天皇陛下とご一家のお姿は報道で度々拝見しているが、実際どのような生活をしておられるのかは知る由もない。本書を読んで第一に感じたのはその公務(あるいは私的行為とされているが、古来伝承されて天皇家で義務化されている神事を含む)の多さ、これは半端なものではない。昔、月月火水木金金と歌われた時代があるが、それ以上だ。我々には最低正月はあるが、この時こそ天皇ご一家は大忙しになる。
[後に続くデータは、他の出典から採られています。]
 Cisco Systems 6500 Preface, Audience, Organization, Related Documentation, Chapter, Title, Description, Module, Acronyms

第二はお人柄によるものかもしれないが、国民の幸福を願う気持ちの強さだ。第三はやはり先祖を崇拝する念の強さだろう。端的にまとめてしまえばそんな括りになるかもしれない。私的な楽しみとか娯楽快楽を求めるお気持ちは殆ど無いほどまでに薄められた生活を送られているのではと思ってしまうのは凡人の悲しさかも。
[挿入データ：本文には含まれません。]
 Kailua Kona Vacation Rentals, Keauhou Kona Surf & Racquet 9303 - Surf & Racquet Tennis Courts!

陛下にとってはチェロやテニスばかりではなく、お歌を詠まれるのも、魚や植物について勉強されるのも、ひょっとしたら皆楽しみの一つなのかもしれない。国内に於いては国体や植樹祭等の公式行事における全国の各地訪問、自然災害の被災地訪問、大戦の戦没者慰霊の旅、外国元首との交換儀礼も兼ねた外国訪問等旅行の延長距離と時間は相当であるが、これも我々凡俗と違い、決して名所旧跡への関心はお示しならないのだそうだ。

僻地の移動中に例え一人でも人がいれば、車の徐行させて窓を下げて手を振るのが当たり前との事。内容を挙げて行けばきりがないが、改めて天皇陛下の存在が、古い形容を使えば有難く感じられる。しかしこの有難味を感じる国民がだんだん減っていくのも事実かも知れない。今上陛下は戦争をある意味で体験し、肩身の狭い敗戦国の皇太子として、若い時から私的な意識を持たず、日本国天皇たるべきを意識して世界と向き合ってこられたようだ。本書を読んで一番納得のいった点である。
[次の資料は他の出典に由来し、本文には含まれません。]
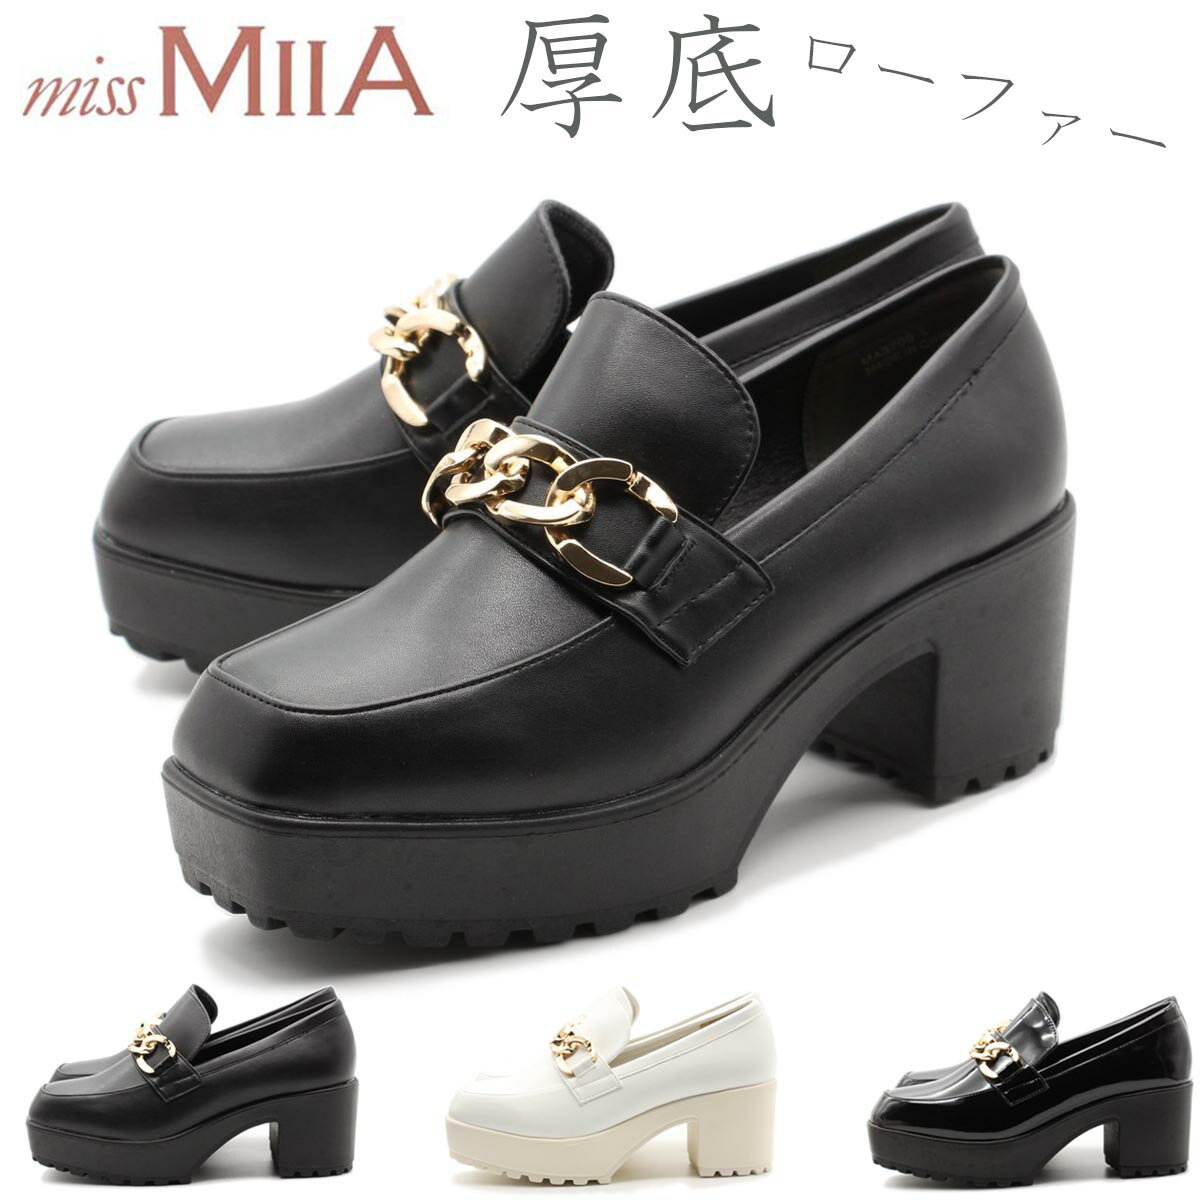 miss MIIA ミスミーア パンプス カジュアル シューズ レディース 靴 ガーリー かわいい 美脚 歩きやすい ma3709

お隠れになるまでお勤めいただくのは恐縮の限りだが、余人をもって代えがたいのも事実かもしれない。恐れ多いが皇太子殿下の天皇たるお覚悟は、今上陛下とかなり異なるのではと心配になる。秋篠宮になれば私的な思いが強いのはもっとだろう。その時の国民が天皇とそのご一家をどう思うかは、また別の問題だろう。

4 件のコメント:

匿名 さんのコメント...

象徴天皇にしては国事行為が多すぎる。対外的には国家元首だから大統領と同格と言える。しかし、米ホワイト・ハウスでの大統領の仕事のやり方とは全く違う。外国大使の信認状を受理する際も、儀礼的で国家利益がからむ意見交換はほとんど行われない。ある意味時間の無駄という外国大使もいるとか。武家政治の500年以上、天皇は陰に潜んでいたが、明治以降、表舞台に上げられたが、本来の象徴天皇の実は得るには、国事行為を大幅に減らした方がいいのでは?天皇家の行事は京都の御所でもやれるのだから、江戸城から京都に戻るのもいいのかも知れない。外国大使も京都で接遇したらいい。

senkawa爺 さんのコメント...

匿名さん
コメントをありがとうございます。
ご意については、何れも傾聴に値すると思います。
政府にはご指摘のような問題意識を持つ人がいないのでしょうか?

DonKoba さんのコメント...

国事行為や公的行事には思いつくだけでも、①法律の発布、②首相の親任、③大臣の信認、④国会開会等の他、⑤勲章授与、⑥国民体育大会の開会、⑦植樹祭、⑧外国賓客の接受、⑨園遊会等。そのうえ、200日近い宮中祭祀、正月の参賀等。恐らくご趣味の研究テーマを楽しむ間もない程の日程が詰まっています。国会議員の給与、人員削減と同様、自分達の首を絞め、懐を寒くする法案を当事者が提出しにくいと同様、現在の(天皇)制度が官僚支配力の背景になっているため彼らから改革案は絶対に出せないはずです。

senkawa爺 さんのコメント...

DonKoba さん
コメントをありがとうございます。
この200日近い宮中祭事は全て天皇家の私的行為とされているようです。これにもびっくりしました。
定年延長を喜ぶ人もおられるようですが、亡くなるまですべての仕事から解放されない人生は過酷すぎます。
公務なるものの軽減は真剣に検討すべきだと思いますが、改革案が周辺から出てこないとは困ったことです。